02 August 2012 14:12 [Source: ICIS news]
LONDON (ICIS)--The European August monoethylene glycol (MEG) contract price is likely to increase because of poor availability and higher production costs, buyers and sellers said on Thursday.
“There could be some increase,” a buyer said, adding that a seller's proposal of more than €1,000/tonne ($1,220/tonne) FD (free delivered) NWE (northwest Europe) was not realistic.
A second buyer agreed and said it was after compensation for the relatively small decrease that emerged in July.
“[This year] MEG went up and ethylene went down and vice-versa but more of the latter, so we lost big margins compared to previous years,” a producer said.
Feedstock ethylene plummeted by €170/tonne from June to July, only to regain €140/tonne in August with a settlement at €1,175/tonne.
In July, MEG contract prices dropped by €40/tonne to €885/tonne.
A figure “well above €1,000/tonne” is what a second MEG seller is targeting for August. Justification for this move includes “very strong demand from antifreeze, polyethylene terephthalate (PET) and distribution, the very limited supply in Europe and a strong market in Asia”.

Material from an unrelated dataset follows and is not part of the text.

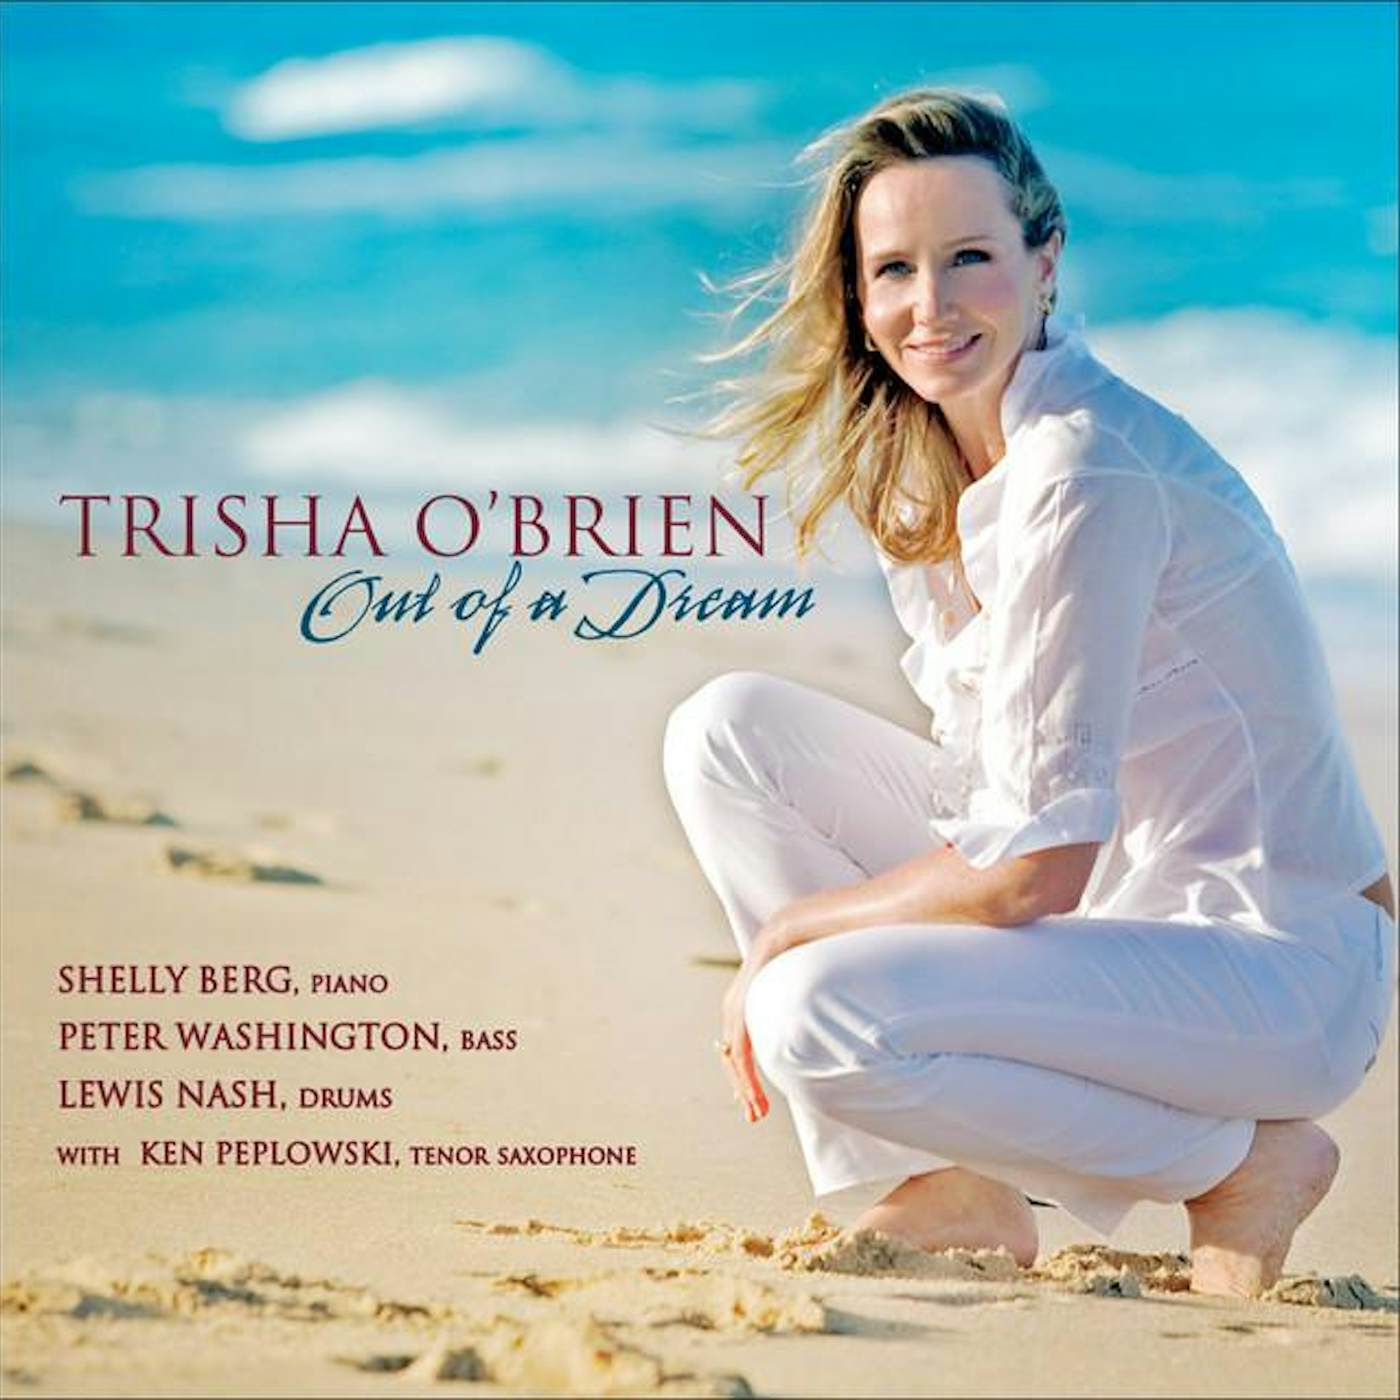 Trisha O'Brien

Following months of depressed demand, the European market was suddenly inundated in July with buyers coming back into the market.
“We are sold out already. We were prior to the month starting…A lot of people do not have much product,” the producer said.
Spot prices in Asia surged to $960–965/tonne CFR (cost & freight) China Main Port this week, prompted by an unexpected six-week outage at EQUATE in Shuaiba, Kuwait. During August and September, there are further shutdowns planned in the Middle East and Europe, which could affect availability in Europe.
“We are in for a significant increase, I believe,” the producer said.